▶ [DATA RECORDS]:
################

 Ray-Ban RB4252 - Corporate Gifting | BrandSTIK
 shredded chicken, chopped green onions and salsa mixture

################

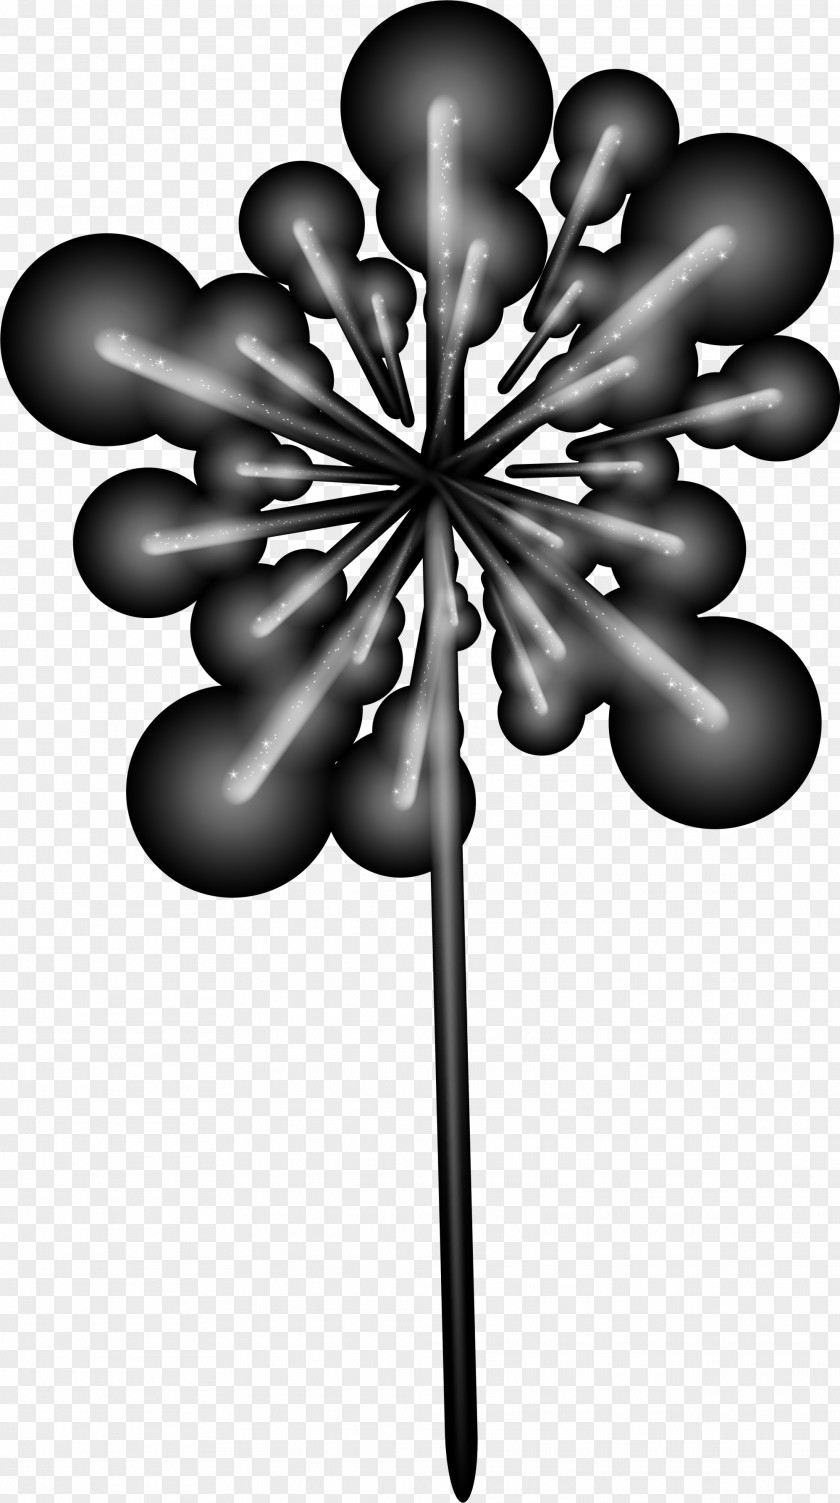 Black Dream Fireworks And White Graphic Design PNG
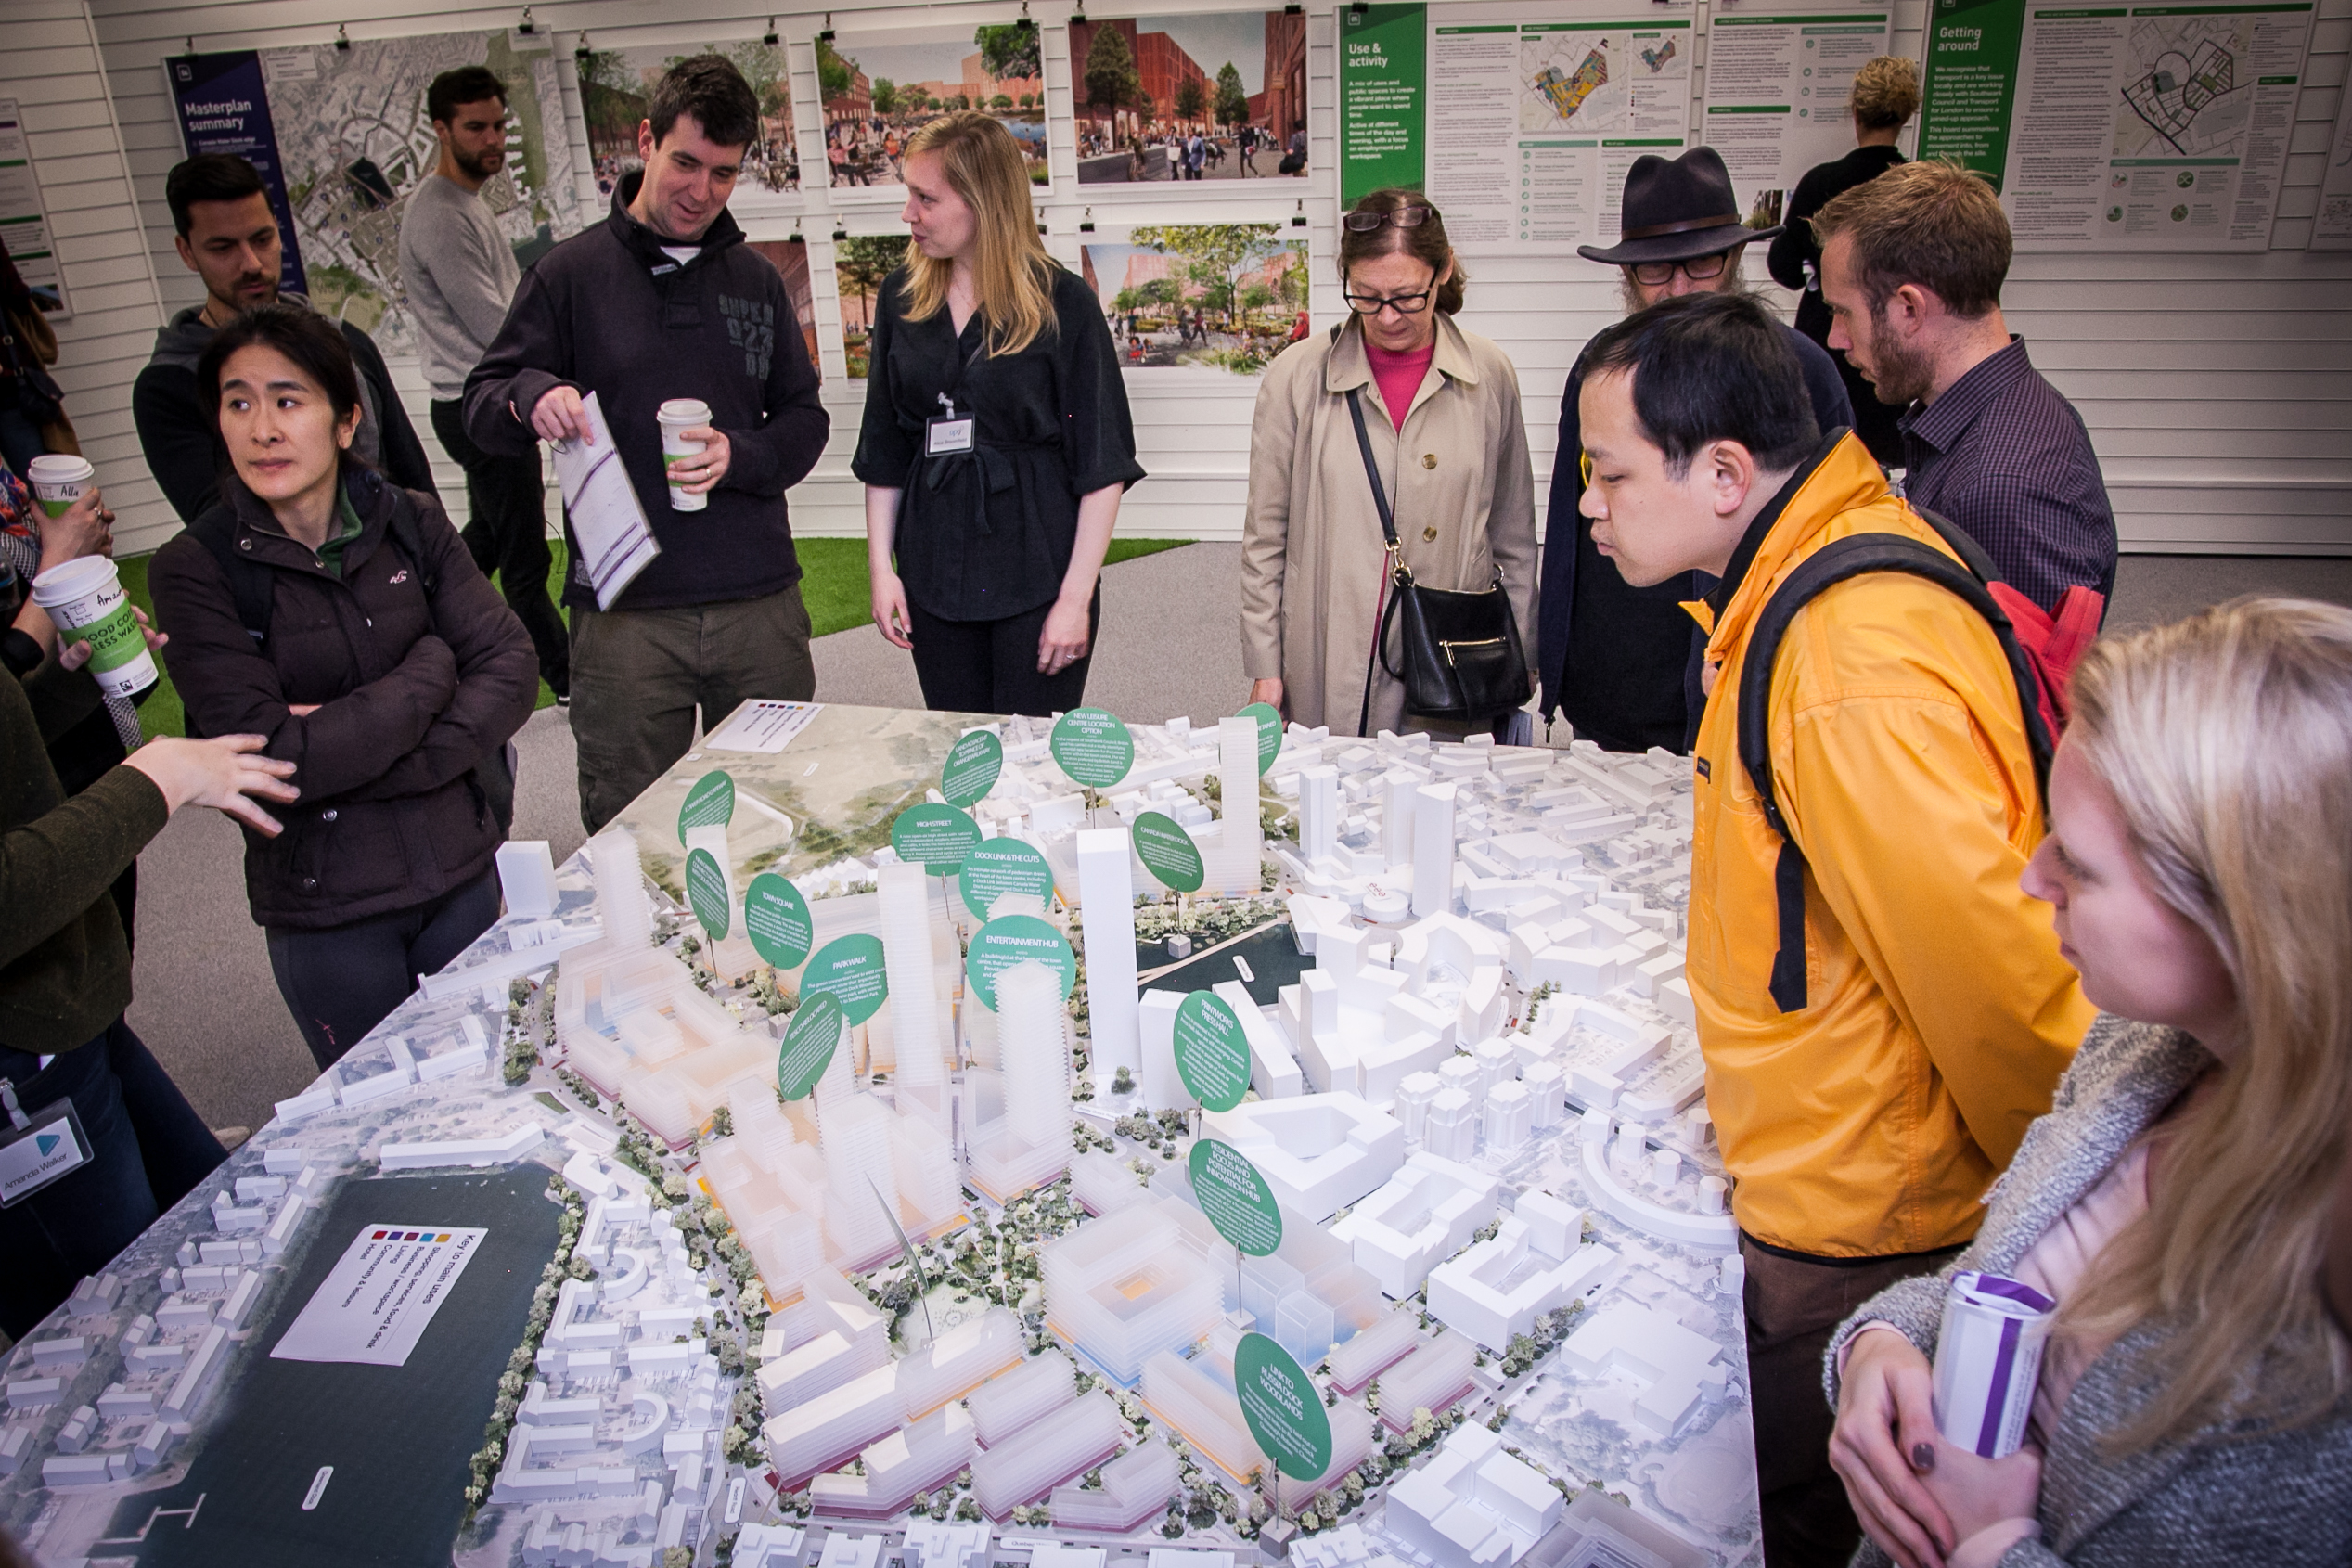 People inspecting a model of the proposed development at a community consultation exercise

################

▶ [HOW TO COMPLETE THIS TASK]: After locating the line with "Ray-Ban RB4252 - Corporate" above, return that line and every later line through the one with "shredded chicken, chopped", word for word and with nothing else.

▶ [ANSWER SECTION]:
 Ray-Ban RB4252 - Corporate Gifting | BrandSTIK
 shredded chicken, chopped green onions and salsa mixture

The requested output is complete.